Yes! a copy of the Hardinge tool post!

I made one too for my Atlas back when...but it was too small for the Logan so when I sold the Atlas it went with it.

Wish I still had it though for the Waltham.......






Dave


----------



## dalem9 (Oct 27, 2011)

Dave I beleive I have a motor tightener for this lathe if you can use it is yours .Also think I have a collect closer for it too. Dale


----------



## steamer (Oct 27, 2011)

Thanks anyway Dale...but the old girl is long gone...sold it about 6 years ago now....

Dave


----------



## steamer (Oct 27, 2011)

Is the collet closer for a 3C collet?

...wonding if it would fit on a SB 9"

Dave


----------



## dalem9 (Oct 28, 2011)

I am not sure I will try to fined it and see.I'll let you know .Dale


----------



## lazylathe (Nov 1, 2011)

I see Enco has Phase 2 QCTP on sale!!
Regular price 4332.98 on sale for $185.95!

This is a 6 piece set.
Does it sound like a good deal?

Or would a chinese one do the job just as well?

Andrew


----------



## GOOFY063 (Nov 1, 2011)

it took a few months but i picked up a axa wedge type, phase II with holders(6 piece +1 aloris) off ebay for less than a $100.


----------



## kvom (Nov 1, 2011)

AFAIK Phase II products are chinese. My rotab is a phase II and it's pretty good, but a drill chuck arbor of theirs was crappy. It's hard to beat Aloris if you can afford it. My toolpost is a AXA knockoff piston model and works OK. However, the chinese tool holders I got with it are poor quality/fit. I've since replaced them with a mixture of Aloris and Yausa holders.


----------



## pete (Nov 1, 2011)

Andrew,
A bit of advice? 
What you buy today may not end up all that useful later on. If you have full intensions of doing machining as a hobby long term, Then it's a real good idea to preplan for that. Most people end up after a certain ammount of time adding DROs to their equipment. If you buy a decent accurate DRO, You'll want tooling that's repetable when doing parts. Anything you can add to ensure that repetabilty is a good idea. I'd buy the wedge system and Phase 2 for the minimum quality. Maybe it's a fairly unknown technique with DROs and hobby machining? But the ability to index your tooling projection so that each tool has exactly the same zero depth is really useful. Simplified? All tools and quick change tool holders would machine a shaft to the exact or as close as possible to the same diameter according to the same DRO readings. That's certainly not possible for every lathe tool. But when it is, It's far faster to set up what tooling you can that's pre set to a zero condition, For as and when your building multiple parts to the same dimensions. Your DRO would have to be fairly high quality and repetable accuracy to use that technique. But a decent accurate two axis lathe DRO really isn't all that expensive. Just one more opinion and your thoughts may vary.
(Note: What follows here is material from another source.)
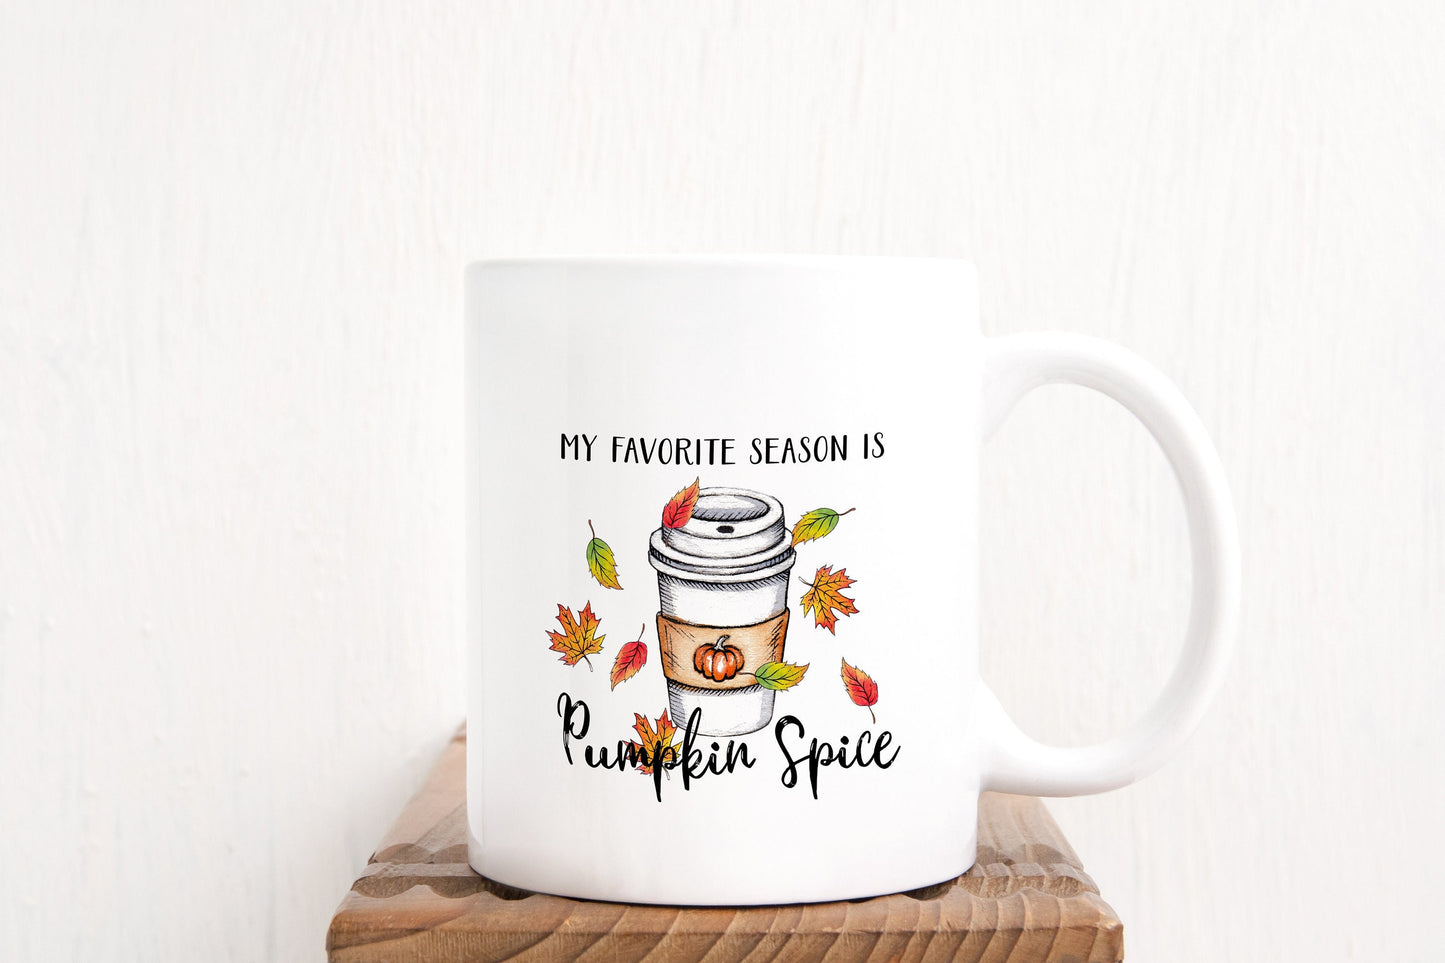 My Favorite Season Is Pumpkin Spice Mug

Obviously presetting your tools can be done with normal accurate lathe dials and a good QCTP system too. Real high end DROs like Newalls come with a tool numbering system. This saves pre setting your tools, But the projection still needs to be measured and verified under cutting conditions then minor adjustments get made till the tool agrees with the DRO.

Pete


----------



## dalem9 (Nov 1, 2011)

Andrew I have a phase 11 And I love it .So nice to be able to change things quickly .Dale


----------



## Swede (Nov 6, 2011)

I like the notion of a used Aloris, Dorian, or Yuasa wedge tool post, and the cheaper individual tool holders purchased new from Shars or similar. The $15 U.S. Chinese holders work fine, and the more you have, the merrier. One thing that can be done to improve them is to replace the low-quality (and very soft) set screws in them with higher quality fasteners.


----------



## Florian (Nov 6, 2011)

lazylathe  said:
			
		

> Hi All,
> Shopping around for an AXA QCTP for the South Bend.
> There are two options here, either the Piston type or the Wedge type.
> Andrew



Hey Andrew

What about a *Multifix-Toolpost*? 
I really like them (have ordered one for my Schaublin) because you can rotate the tool holder by 9° without ever loosening the main body. 

There are different qualities with those Multifix QCTP's (Chinese stuff and also German Products) but they all work quite well. 

Cheers Florian


----------